▶ **Prompt**
Would you return, word for word, the lines running from the one with "Sweat Nike Tech Fleece - Noir" to the final line of the listing below, pictures omitted?

▶ **Provided material**

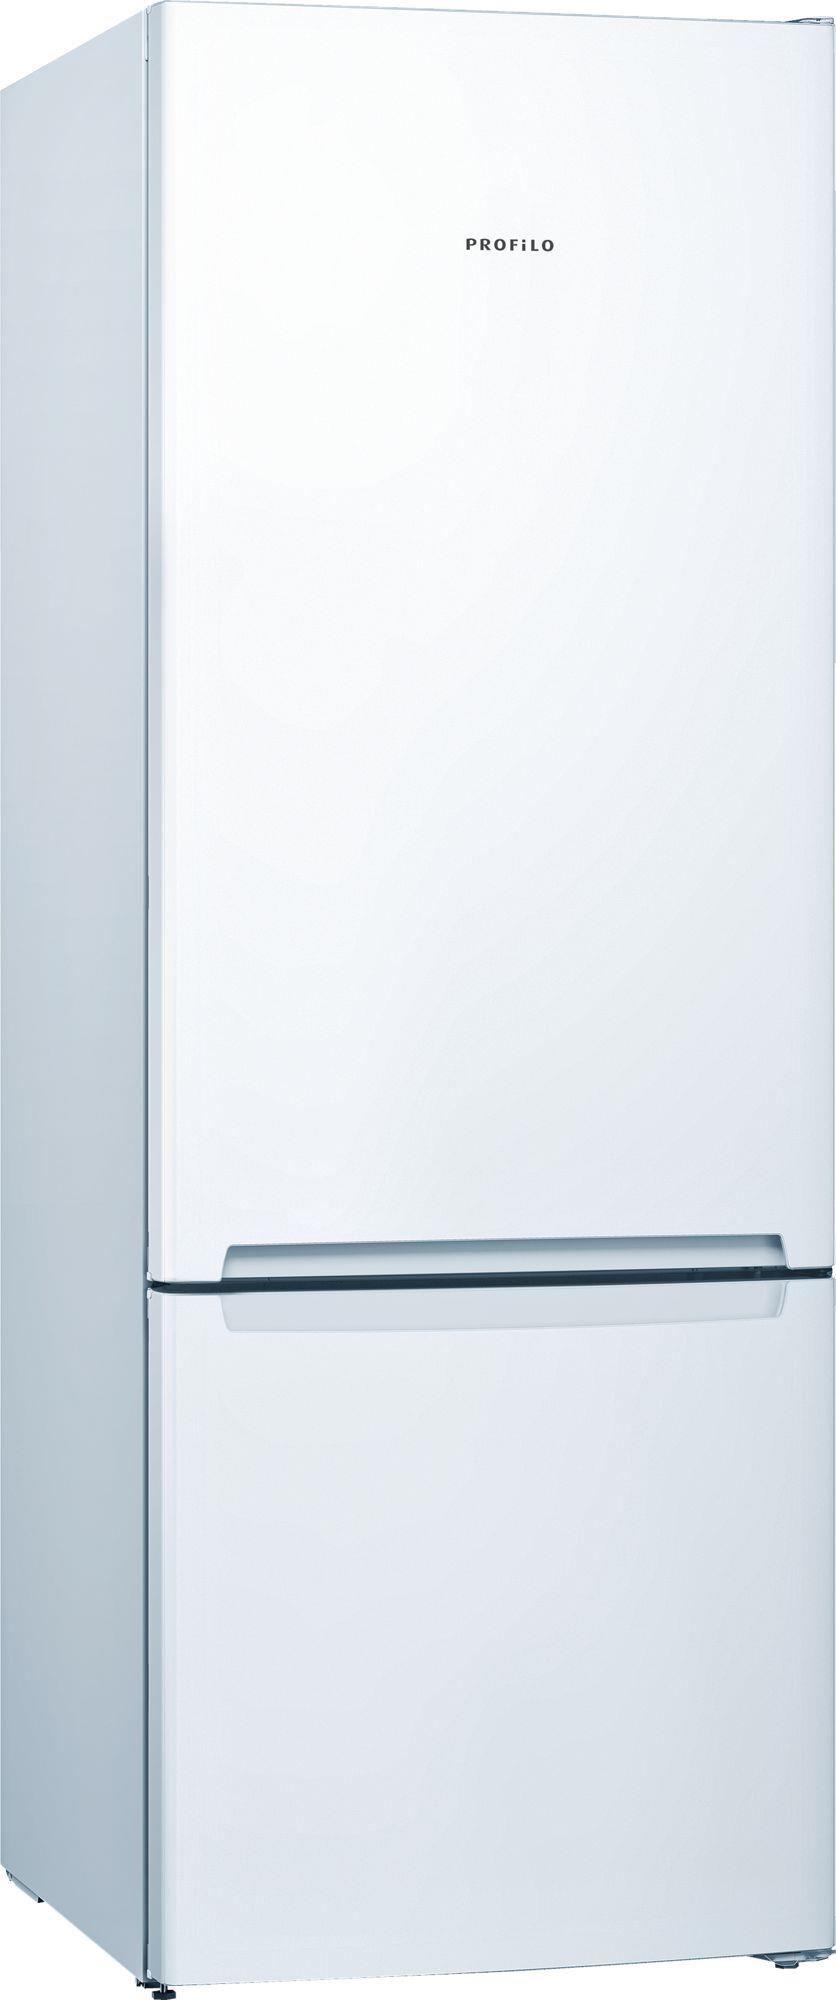 Profilo BD3056W3UN 559 LT A++ Kombi Tipi Buzdolabı - Beyaz
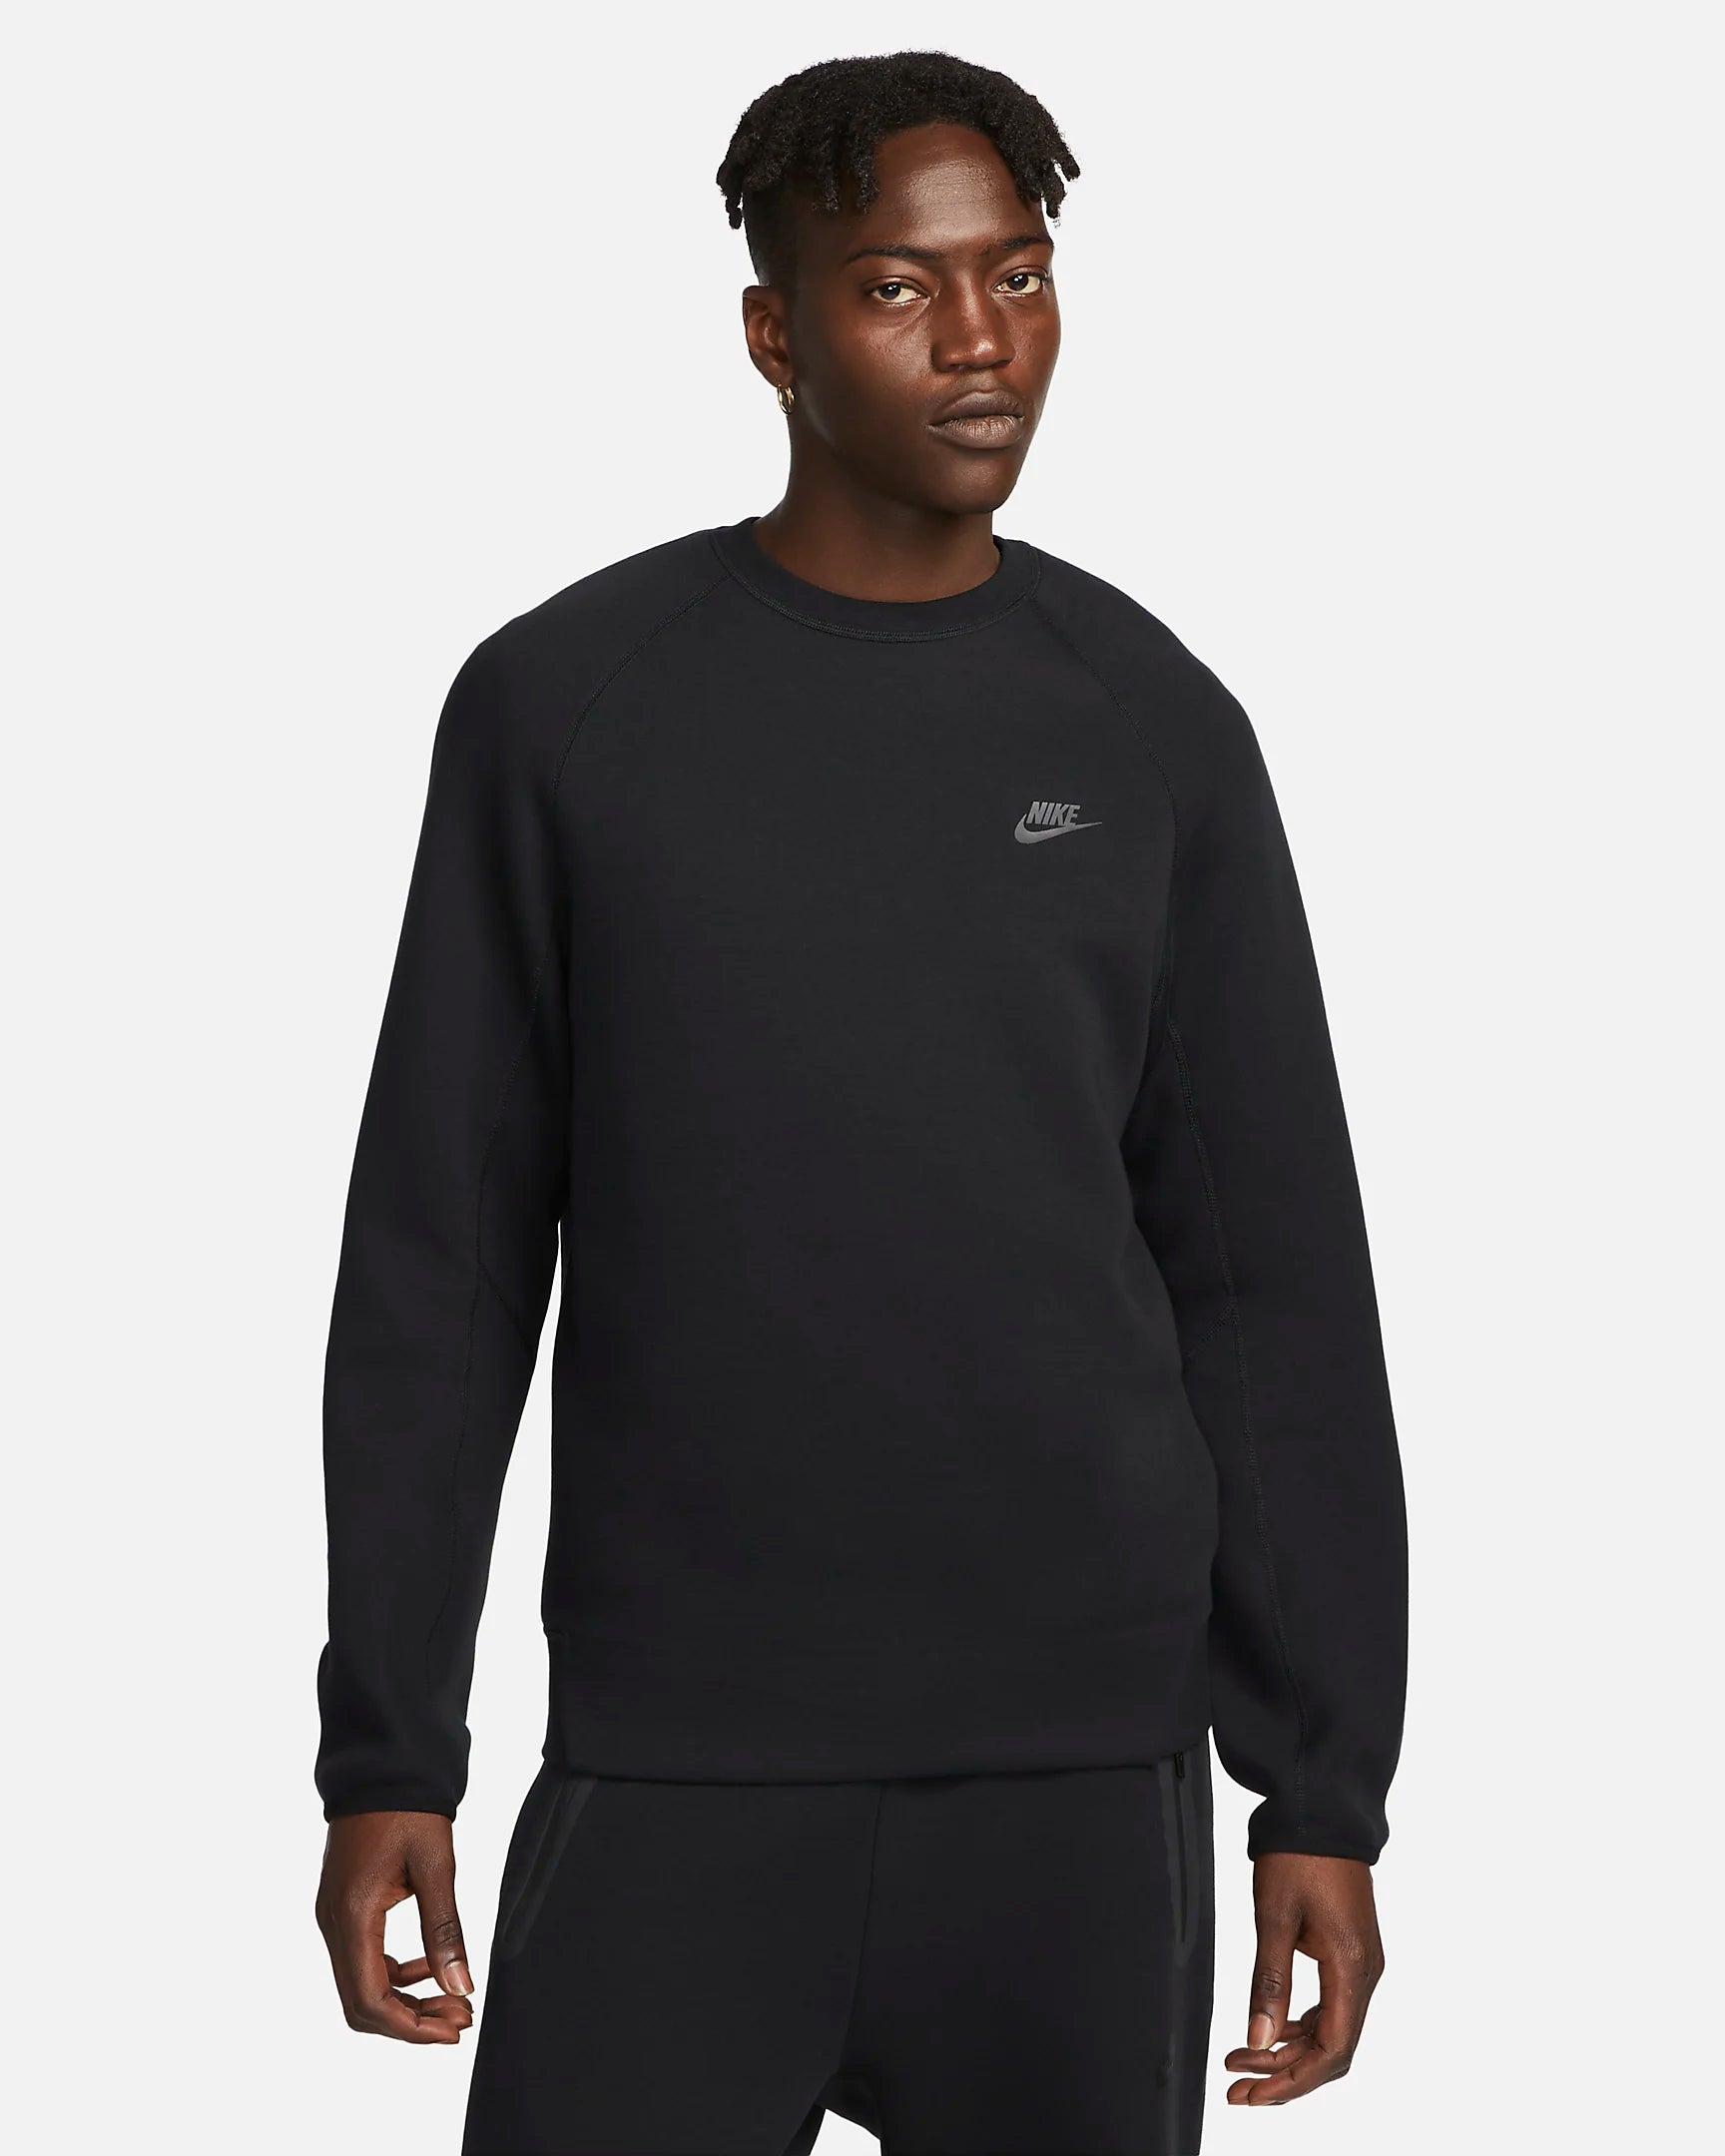 Sweat Nike Tech Fleece - Noir
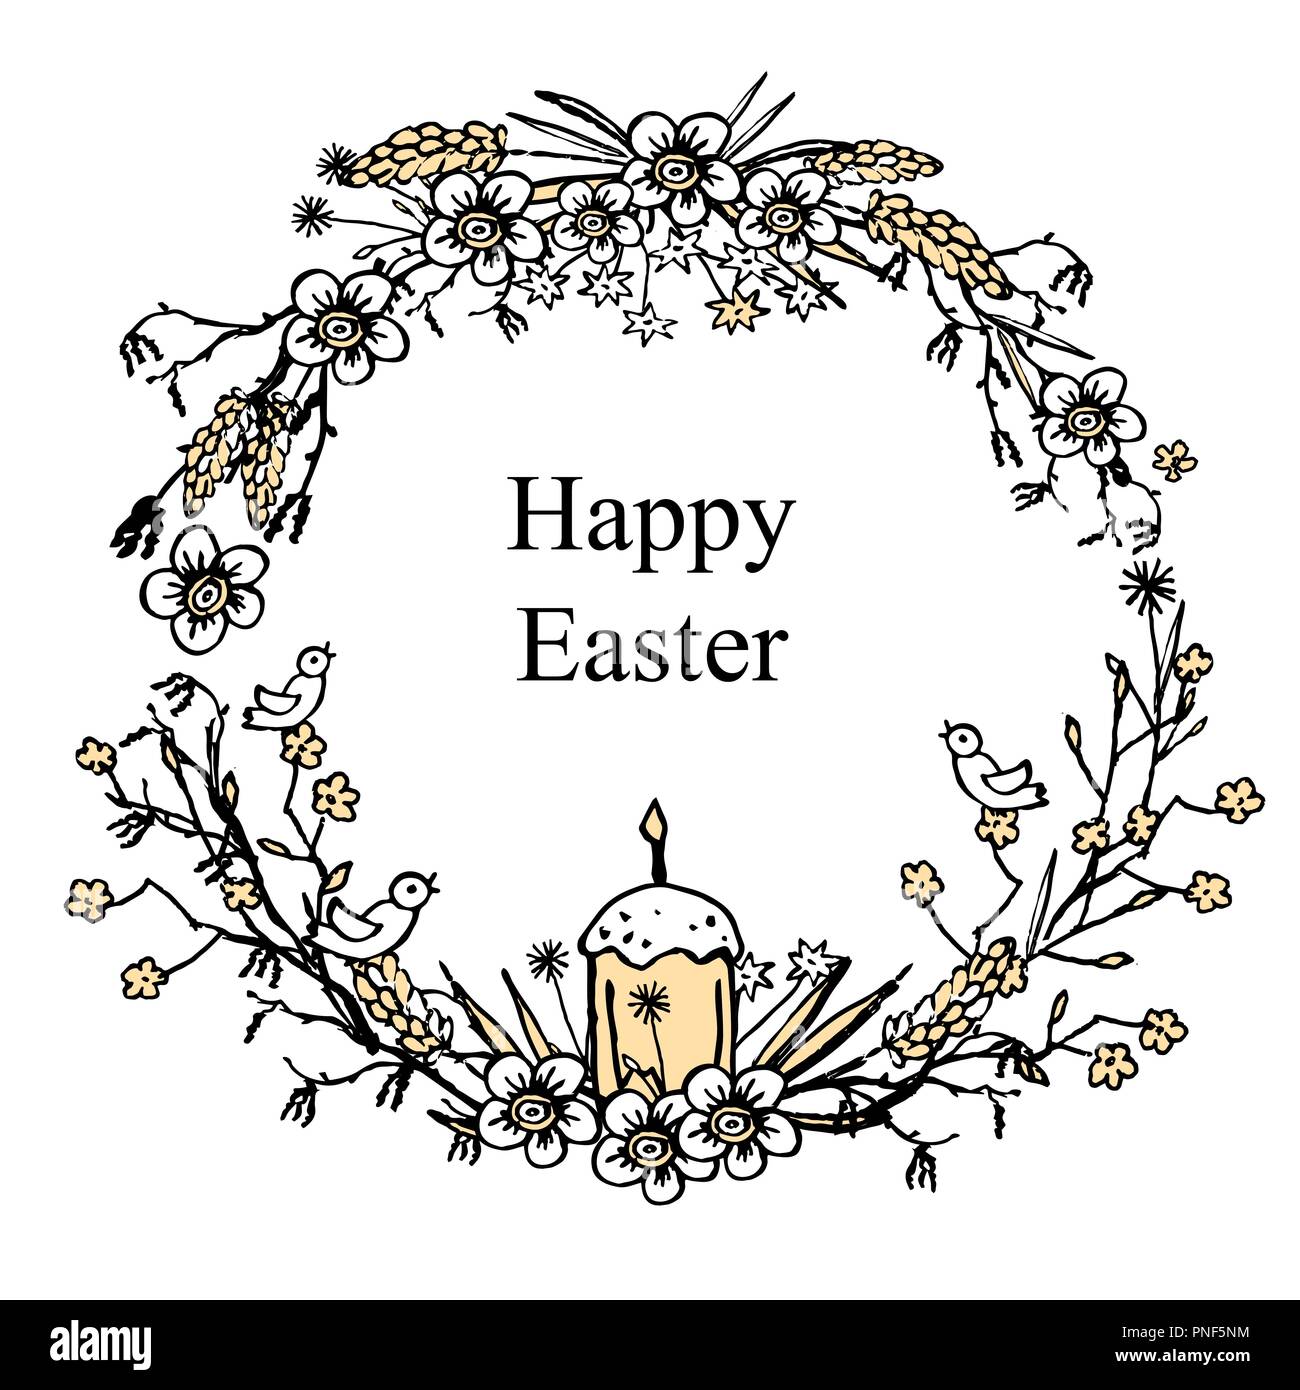 Grußkarte zu Ostern mit Blumen Kranz mit Ei, Ostern Kuchen, flolwers und Brunches. Vintage Hintergrund dargestellt. Vector Illustration. Stock Vektor

▶ **Answer to this exercise**
 Sweat Nike Tech Fleece - Noir
 Grußkarte zu Ostern mit Blumen Kranz mit Ei, Ostern Kuchen, flolwers und Brunches. Vintage Hintergrund dargestellt. Vector Illustration. Stock Vektor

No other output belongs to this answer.